Let $(V,\rho)$ be a representation of a group $G$. If $W$ is a vector space isomorphic to $V$, then it can be turned into a representations of $G$ isomorphic to $V$.

It is interesting for me to see how linearity at level of vector spaces carries naturally over to $G$-linearity. I am actually surprised, so I was wondering whether all my steps are correct. Can anyone double check?

Consider the isomorphism $\varphi\colon V \rightarrow W$ given by hypothesis. Then the map \begin{equation*} \psi \colon \mathrm{GL}(V) \to \mathrm{GL}(W): A \mapsto \varphi \circ A \circ \varphi^{-1} \end{equation*} is an isomorphism.

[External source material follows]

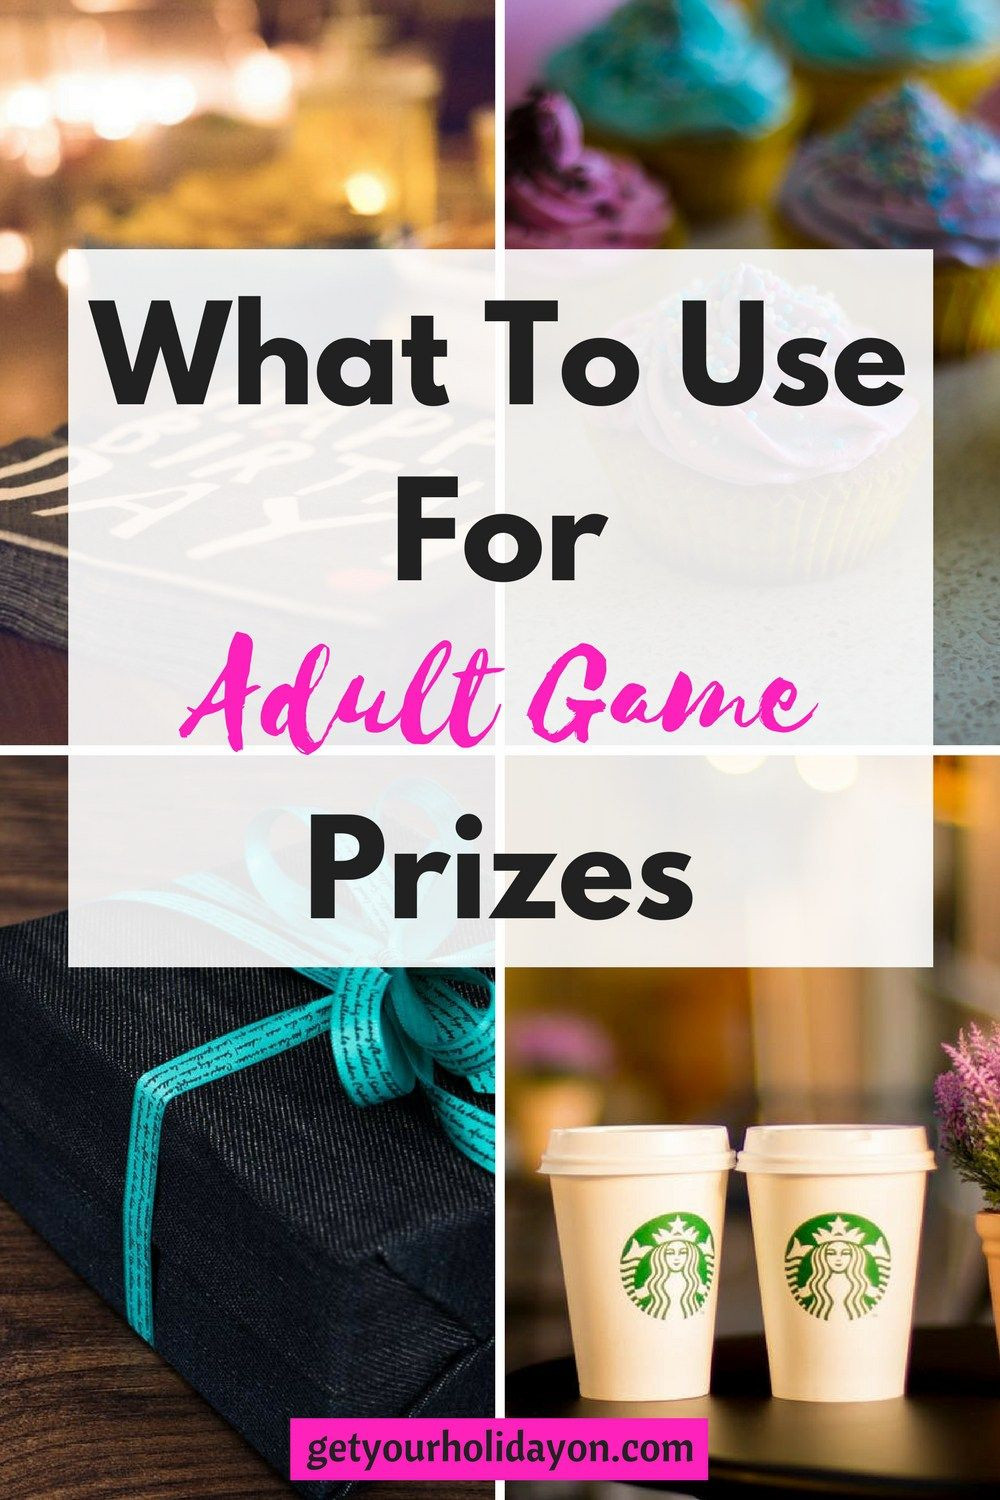 DIY Party Games For Adults
 What To Use For Adult Game Prizes

So we can construct a new representation $(W,\sigma)$ of $G$ as follows: \begin{equation*} \sigma \colon G \rightarrow \mathrm{GL}(W): g \mapsto \sigma(g) := \psi (\rho(g)). \end{equation*} This is in fact a representation of $G$: if $g,h \in G$, then \begin{align*} \sigma(gh) & = \psi(\rho(gh)) = \varphi \circ \rho(gh) \circ \varphi^{-1} = (\varphi \circ \rho(g) \circ \varphi^{-1}) \circ (\varphi \circ \rho(h) \circ \varphi^{-1}) \\ & = \psi(\rho(g)) \circ \psi(\rho(h)) = \sigma(g)\circ \sigma(h). \end{align*} Now we can prove that $(V,\rho)$ and $(W,\sigma)$ are isomorphic representations, i.e. that $\varphi$ is actually a $G$-linear map. If $v \in V,g \in G$, then \begin{align*} \sigma(g)(\varphi(v)) & = \psi(\rho(g))(\varphi(v)) = (\varphi \circ \rho(g) \circ \varphi^{-1})(\varphi (v)) \\ & = \varphi(\rho(g) v), \end{align*} which shows the claim.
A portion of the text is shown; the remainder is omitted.